Multimodal Ingestion Pipeline
Audio is transcribed via ASR; timestamps and speaker tags are stored. A downstream model extracts agenda items, which are indexed as {"time":…, "title":…, "summary":…} vectors.
Conflict Resolution Rules
Version‑first: always prefer the newest document version.
Time‑first: if versions are equal, use the most recently indexed record.
Channel‑priority: internal FAQ > OA policy > external search > LLM world knowledge.
User‑context: tailor answers based on the user’s location or department.
Model Selection for Query Rewriting
Small to medium‑size models (3 B–30 B parameters) are sufficient; fine‑tuning is optional. Enforcing JSON output guarantees downstream stability.
Data‑Self‑Iteration Loop
Business owners label ambiguous or high‑similarity intents.
System logs capture raw queries and model predictions.
Weak‑sample mining extracts low‑confidence cases.
Retraining incorporates new labels.
Continuous deployment updates the serving endpoint.

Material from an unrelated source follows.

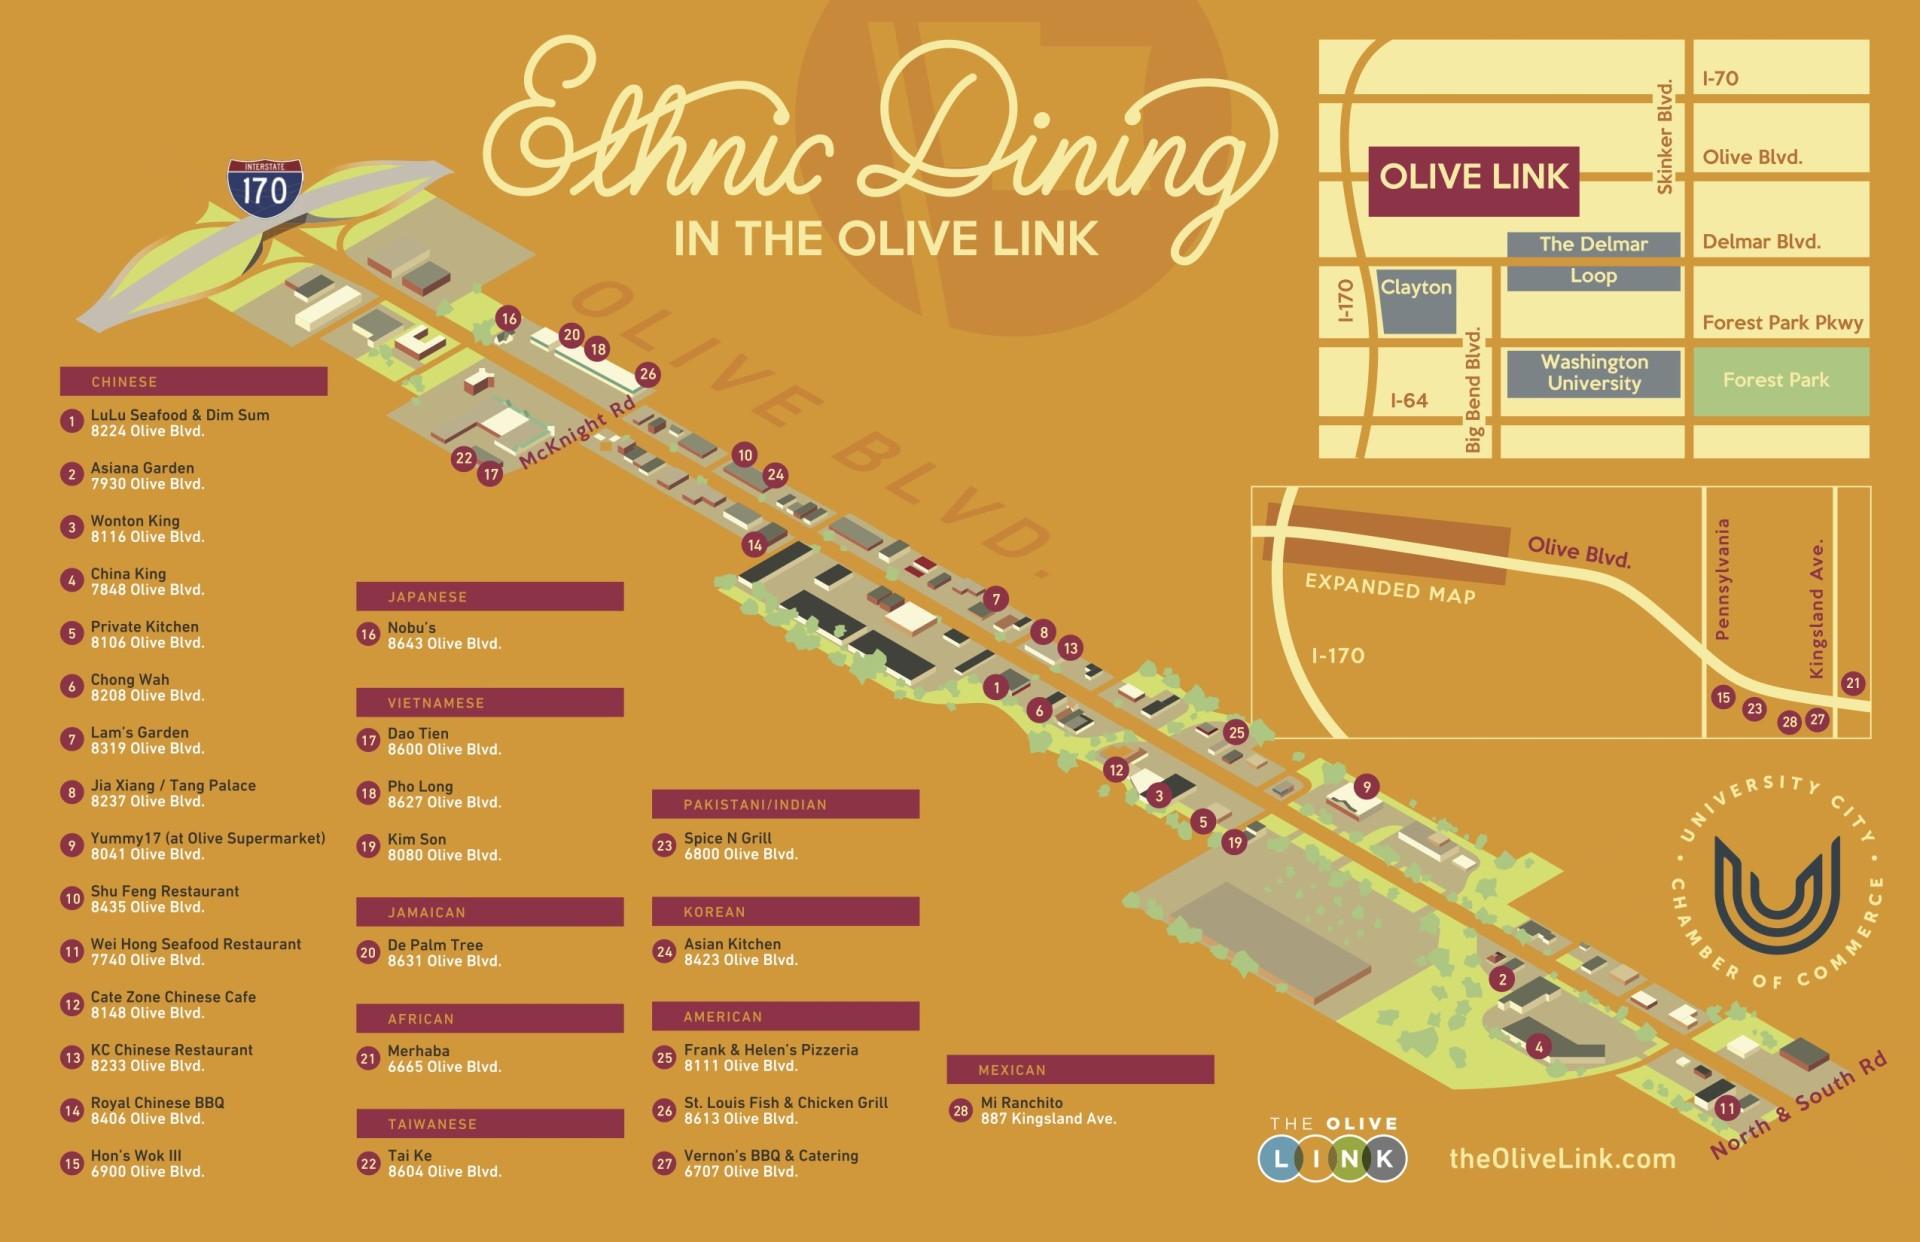 Ethnic-Dining-Guide.jpg

Typical convergence is observed within three months, after which manual review effort drops dramatically.
Conclusion
The three‑layer architecture—Intent Planning, Context Engineering, and Data Self‑Iteration—provides a reproducible foundation for turning prototype AI assistants into production‑grade digital employees. By combining fine‑tuned NLU, robust knowledge pipelines, and a data‑driven quality‑inspection loop, enterprises can achieve high‑accuracy intent handling, reliable multimodal knowledge access, and safe agent orchestration at scale.